Exposure to non-physiological solutions during
peritoneal dialysis (PD) produces structural alterations to the peritoneal membrane and ultrafiltration dysfunction. The high concentration of
glucose and
glucose degradation products in standard PD fluids induce a local diabetic environment, which leads to the formation of
advanced glycation end products (AGEs) that have an important role in peritoneal membrane deterioration.

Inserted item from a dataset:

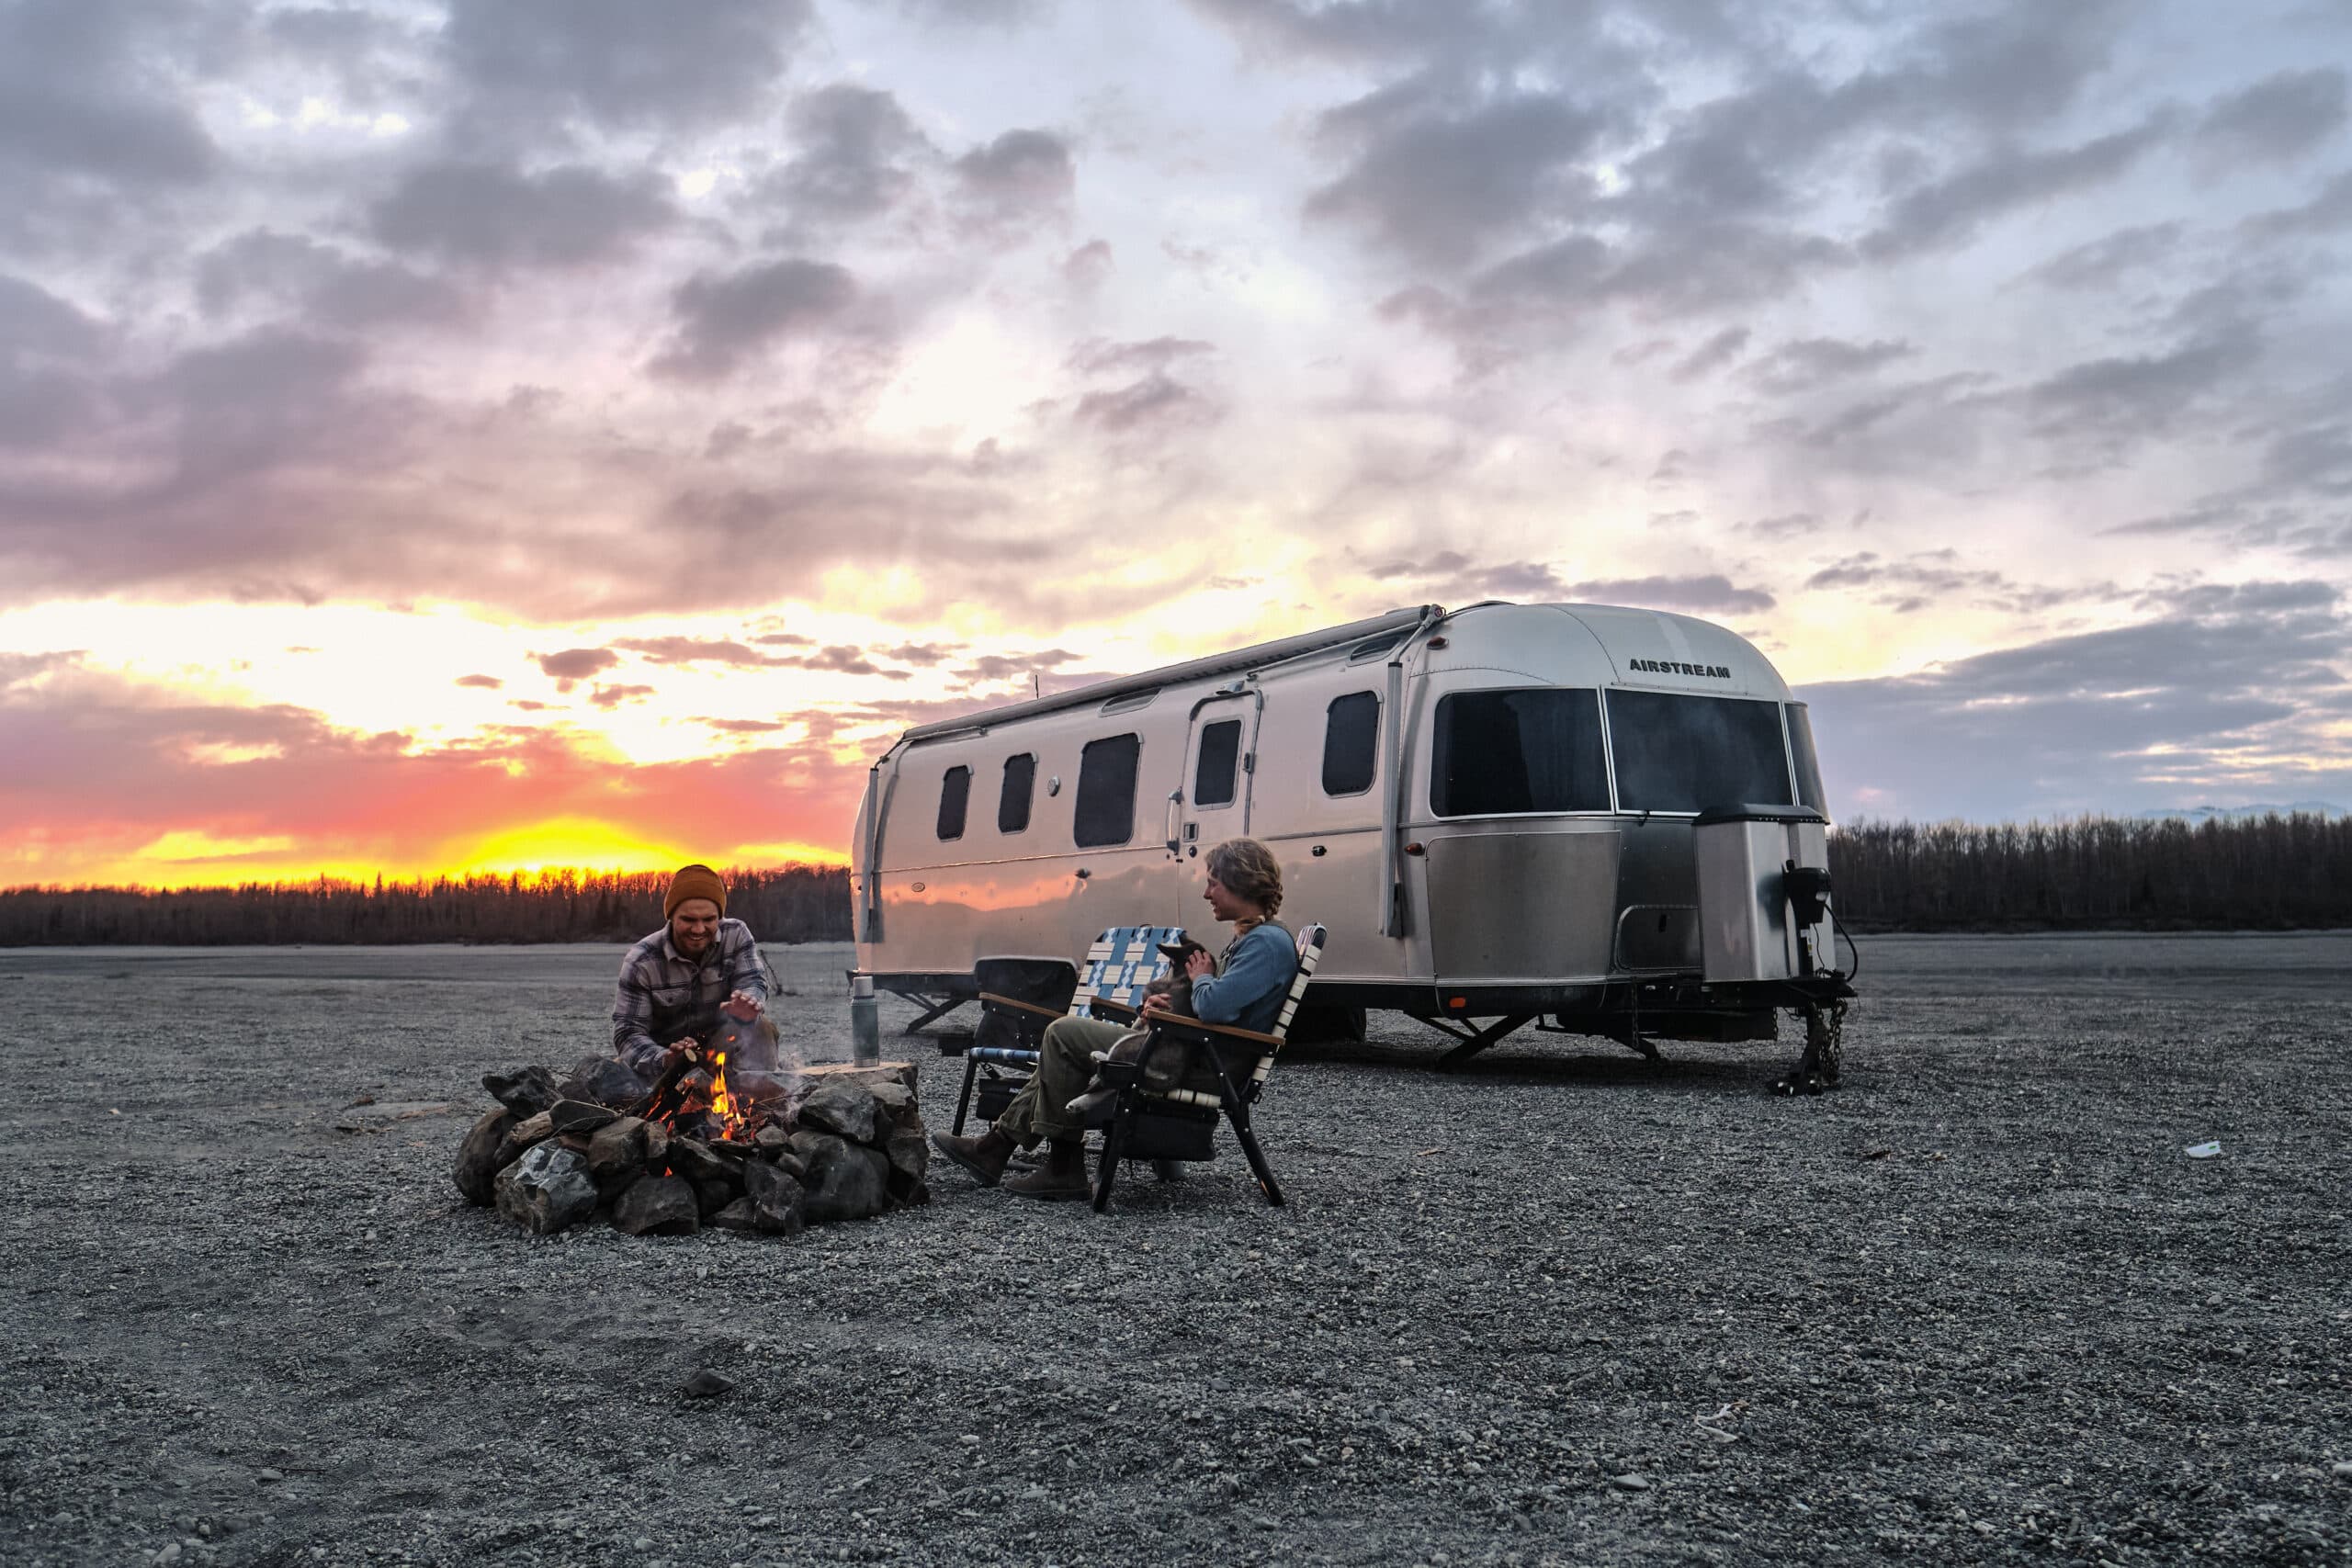 Couple camping with an Airstream in Alaska
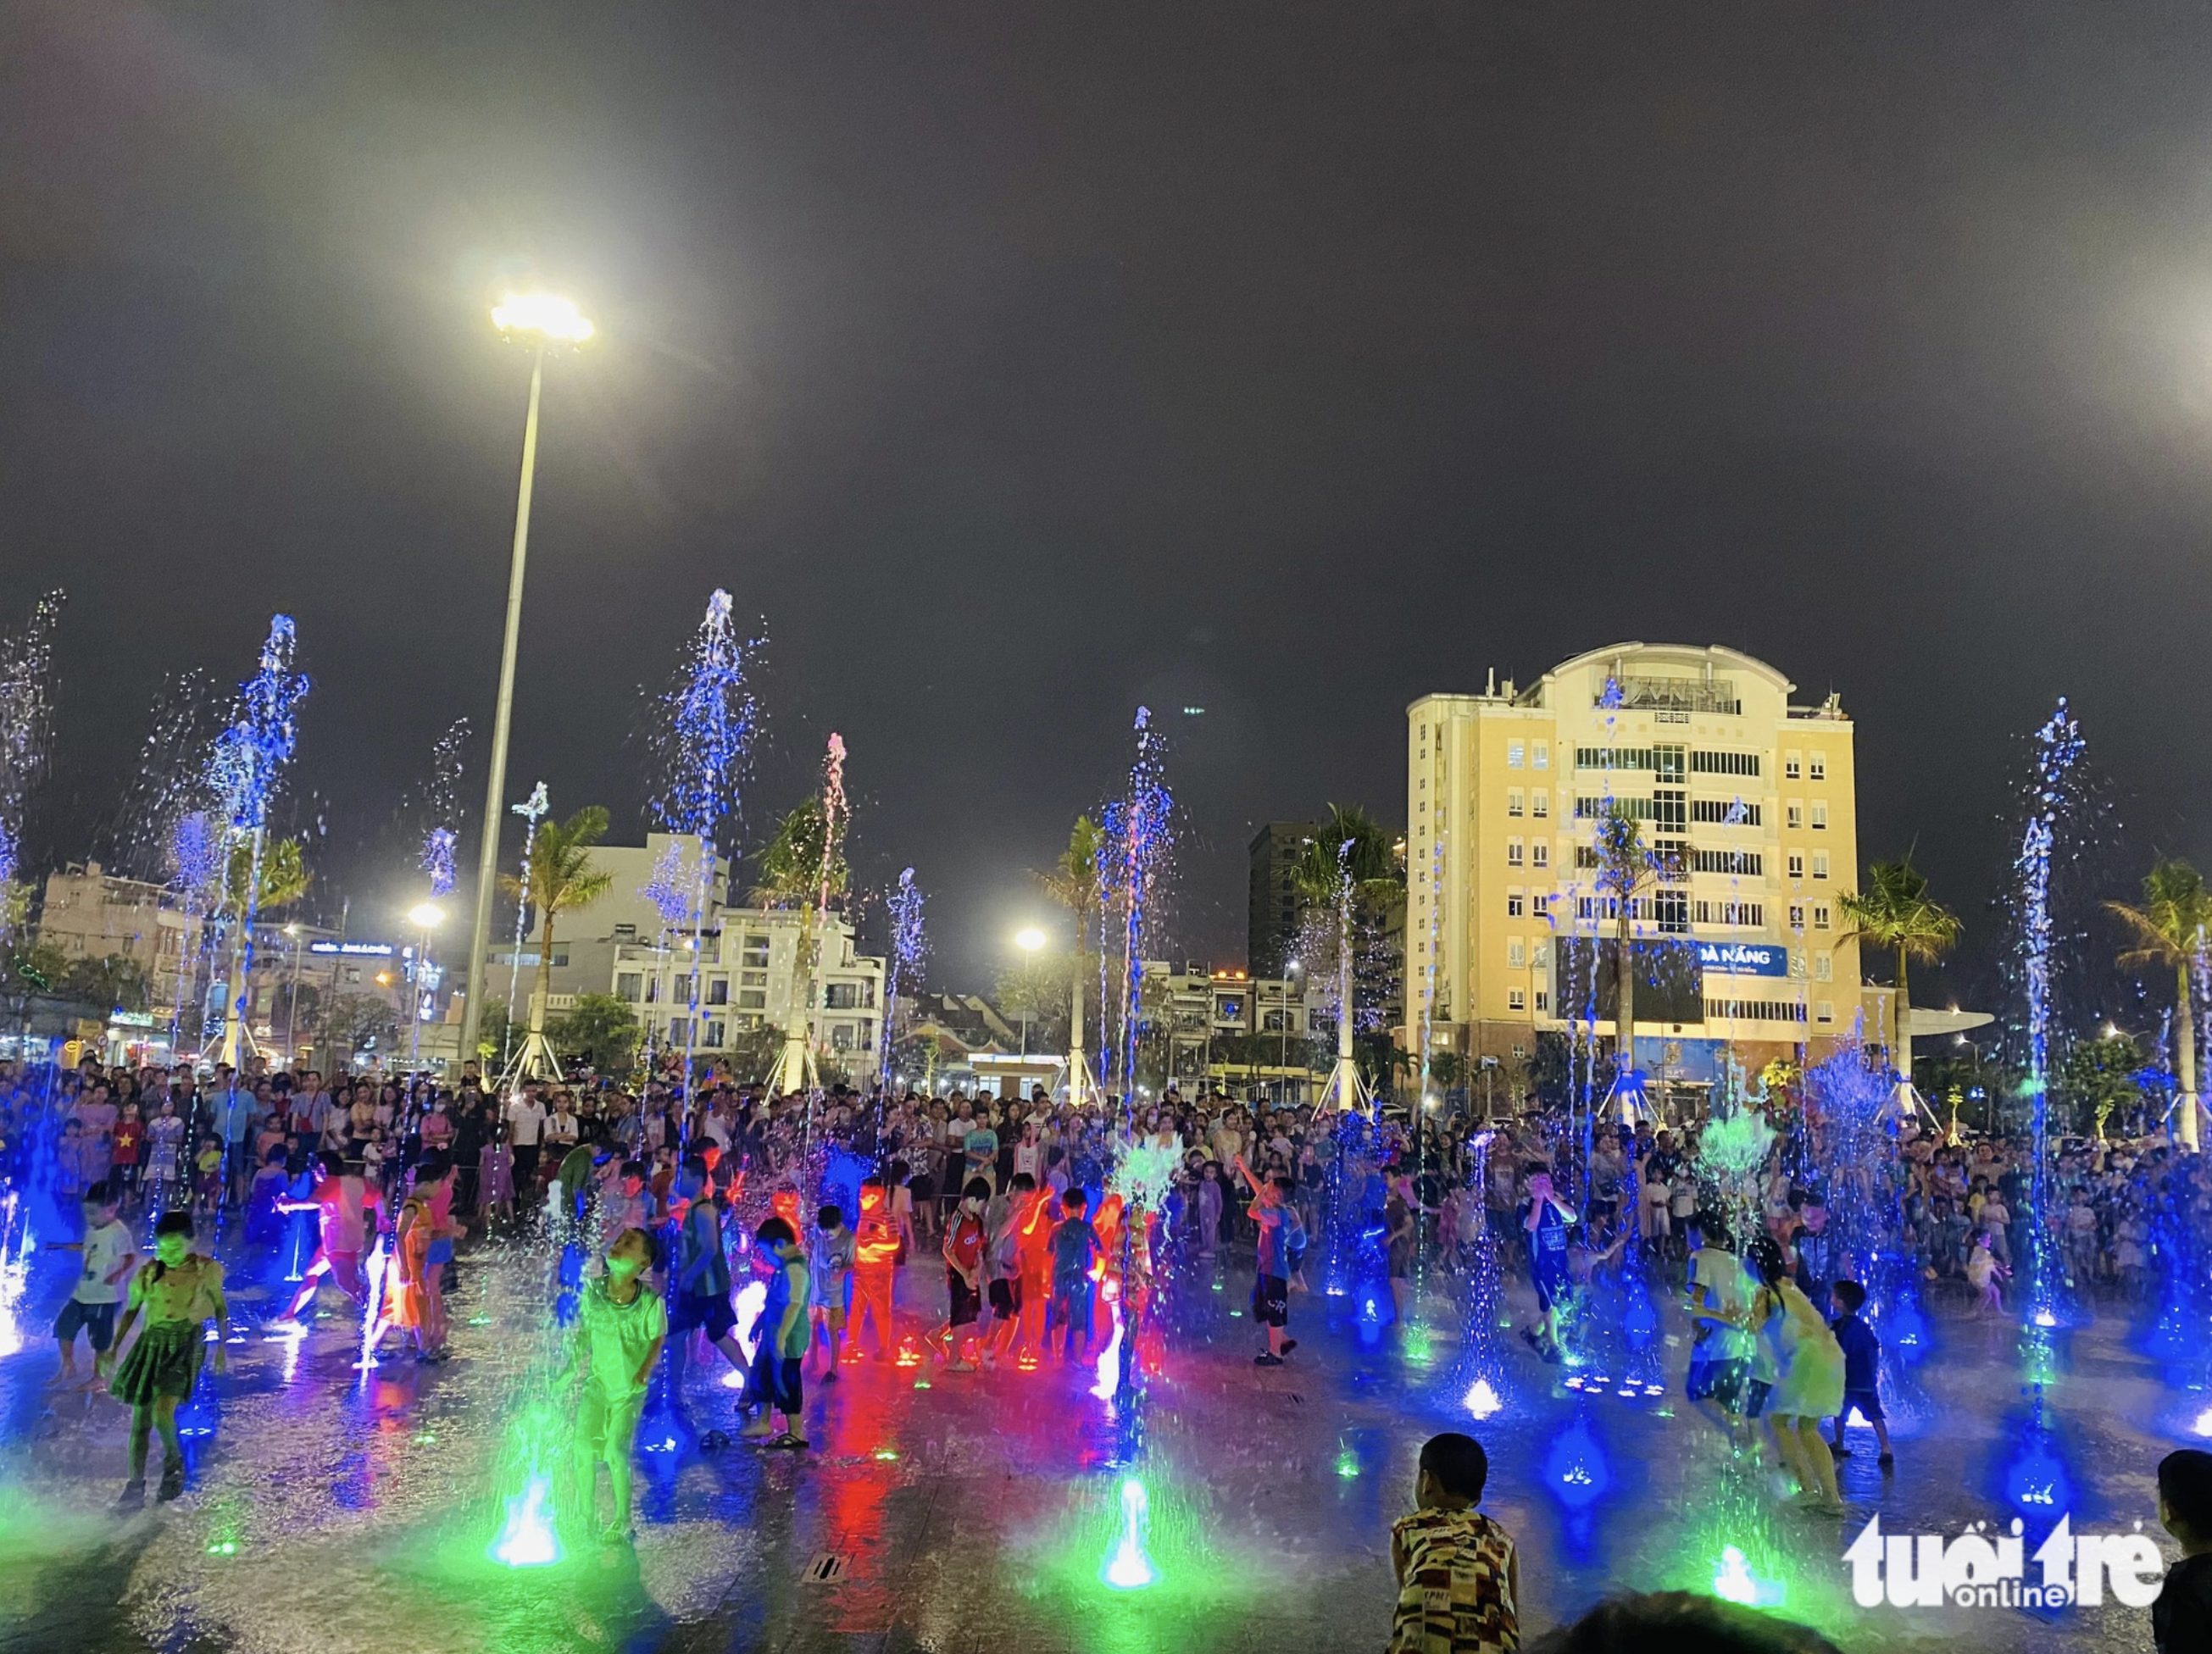 A musical fountain at the March 29 Square in Da Nang City, central Vietnam attracts crowds of adults and children. Photo: Sang Nguyen / Tuoi Tre

Peroxisome proliferator-activated receptor γ (
PPAR-γ) agonists are used to treat type II diabetes and they have beneficial effects on
inflammation,
fibrosis, and angiogenesis. Hence, we evaluated the efficacy of the
PPAR-γ agonist
rosiglitazone (RSG) in ameliorating peritoneal membrane damage in a mouse PD model, and we analyzed the mechanisms underlying the protection offered by RSG. Exposure of the peritoneum to PD fluid resulted in AGEs accumulation, an inflammatory response, the loss of mesothelial cell monolayer and invasion of the compact zone by mesothelial cells,
fibrosis, angiogenesis, and functional impairment of the peritoneum. Administration of RSG diminished the accumulation of AGEs, preserved the mesothelial monolayer, decreased the number of invading mesothelial cells, reduced
fibrosis and angiogenesis, and improved peritoneal function. Interestingly, instead of reducing the leukocyte recruitment, RSG administration enhanced this process and specifically, the recruitment of CD3+ lymphocytes. Furthermore, RSG treatment augmented the levels of the anti-inflammatory
cytokine interleukin (IL)-10 and increased the recruitment of CD4+ CD25+ FoxP3+ cells, suggesting that regulatory T cells mediated the protection of the peritoneal membrane. In cell-culture experiments, RSG did not prevent or reverse the mesothelial to mesenchymal transition, although it decreased mesothelial cells apoptosis. Accordingly, RSG appears to produce pleiotropic protective effects on the peritoneal membrane by reducing the accumulation of AGEs and
inflammation, and by preserving the mesothelial cells monolayer, highlighting the potential of
PPAR-γ activation to ameliorate peritoneal deterioration in PD patients.